GoogleCloudDataproc/spark-bigquery-connector

Map type with Complex Value not supported any more

walmaaoui opened this issue · 1 comments

I see what it could be a regression.

The following code works in connector version 0.25.2 but it doesn't in 0.34.0. Is it an expected/wanted change?

    case class Complex(v: Int)
    case class NestedComplexMapType(nested: Map[Int, Complex])
    
    val ds1 = Seq(NestedComplexMapType(Map(0 -> Complex(1)))).toDS

    ds1.write
      .format("bigquery")
      .option("temporaryGcsBucket", temporalBucket)
      .option("intermediateFormat", "orc")
      .option("dataset", "it_test")
      .mode("overwrite")
      .save("nested_map_complex_type")

The dataframe schema is

  root
 |-- nested: map (nullable = true)
 |    |-- key: integer
 |    |-- value: struct (valueContainsNull = true)
 |    |    |-- v: integer (nullable = false)

The above:

  • Works with version 0.25.2 and gives a table on BQ with the following schema
Screenshot 2024-03-05 at 15 42 51
  • Fails with version 0.34.0 with the following message
[info]   java.lang.IllegalArgumentException: Data type not expected: struct<v:int>
[info]   at com.google.cloud.spark.bigquery.SchemaConverters.toBigQueryType(SchemaConverters.java:607)
[info]   at com.google.cloud.spark.bigquery.SchemaConverters.createBigQueryColumn(SchemaConverters.java:510)
[info]   at com.google.cloud.spark.bigquery.SchemaConverters.sparkToBigQueryFields(SchemaConverters.java:468)
[info]   at com.google.cloud.spark.bigquery.SchemaConverters.toBigQuerySchema(SchemaConverters.java:456)
[info]   at com.google.cloud.spark.bigquery.write.BigQueryWriteHelper.<init>(BigQueryWriteHelper.java:95)

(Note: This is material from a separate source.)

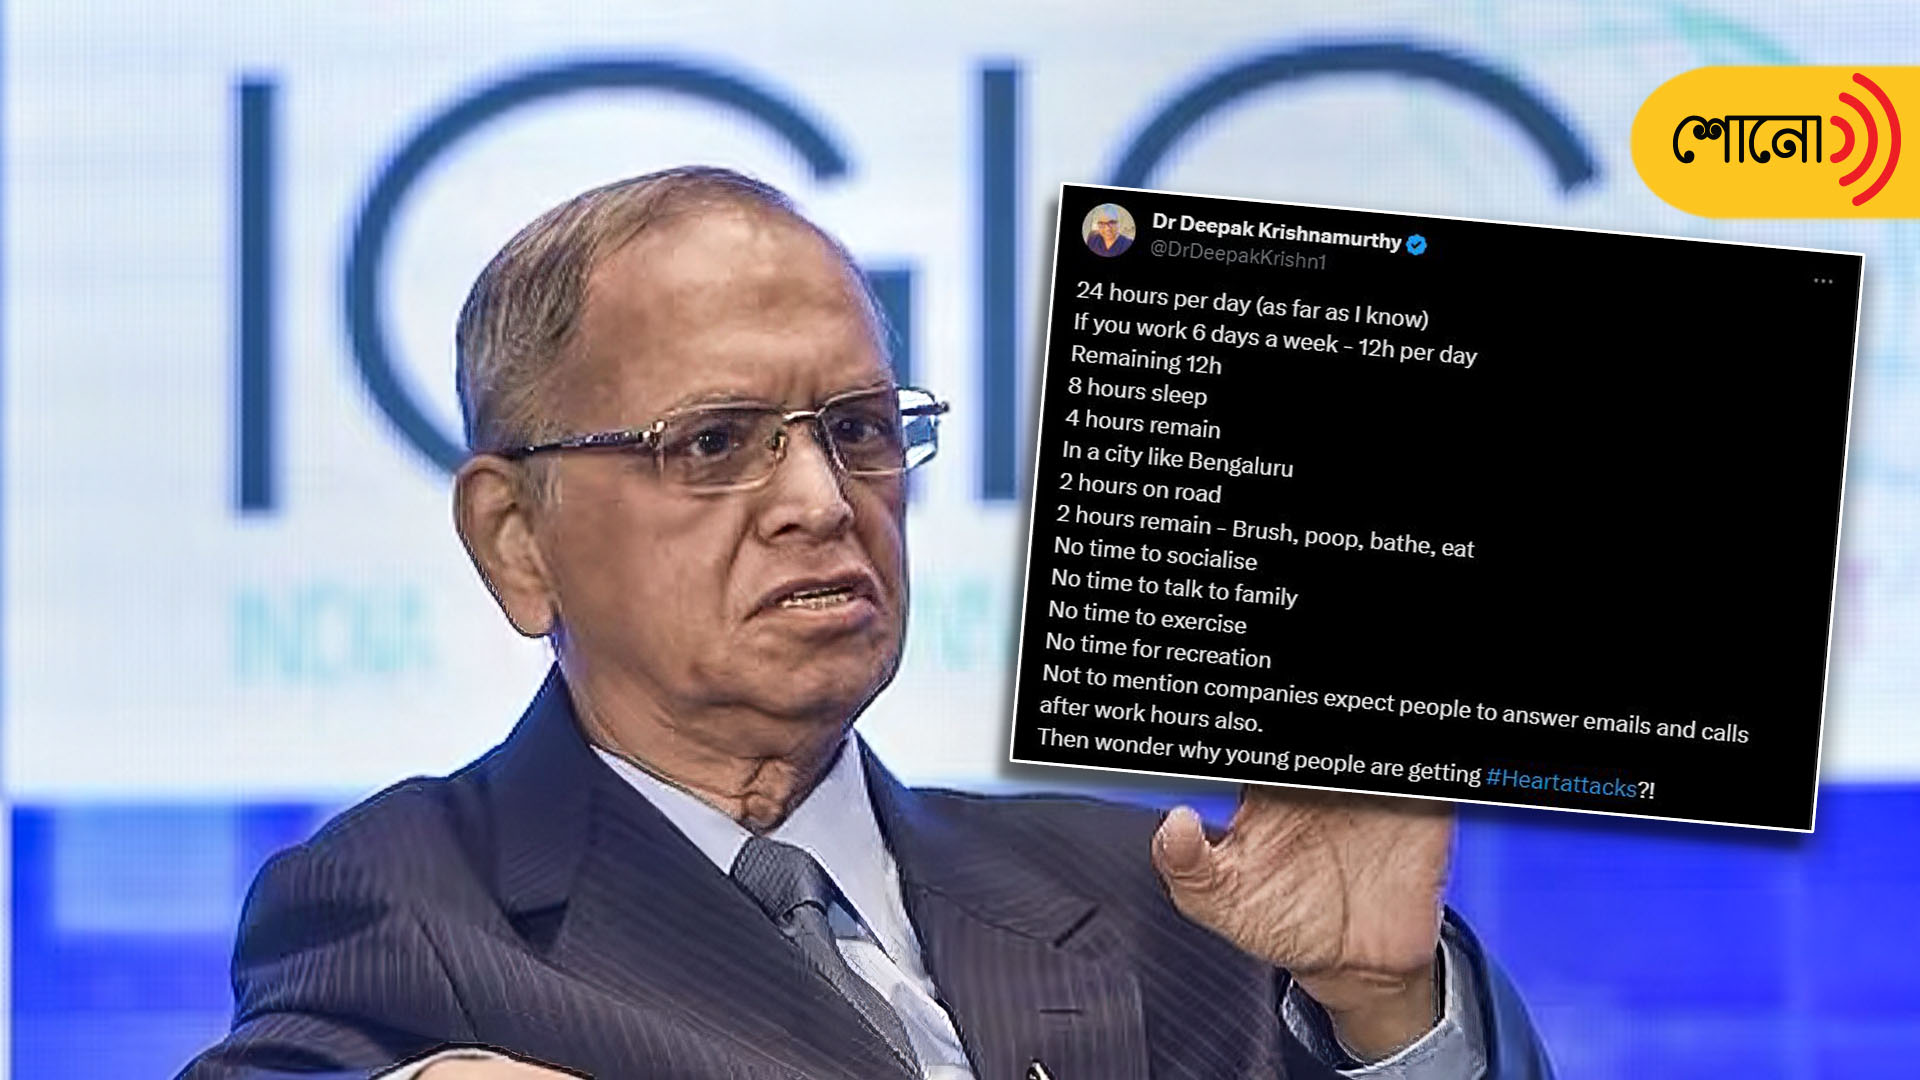 Bengaluru doctor slams Narayana Murthy's on his ‘70-hr work week’ comments

Although BQ doesn't support Maps:

  • The connector used (until 0.25.2) to allow it and transform it to a List of Records (the exact schema depends on the intermediate file format choice)
  • Now, the connector still allows Map of simple types as value but not complex types any more, which is strange

This is fixed and will be available in the next release of the connector (0.38).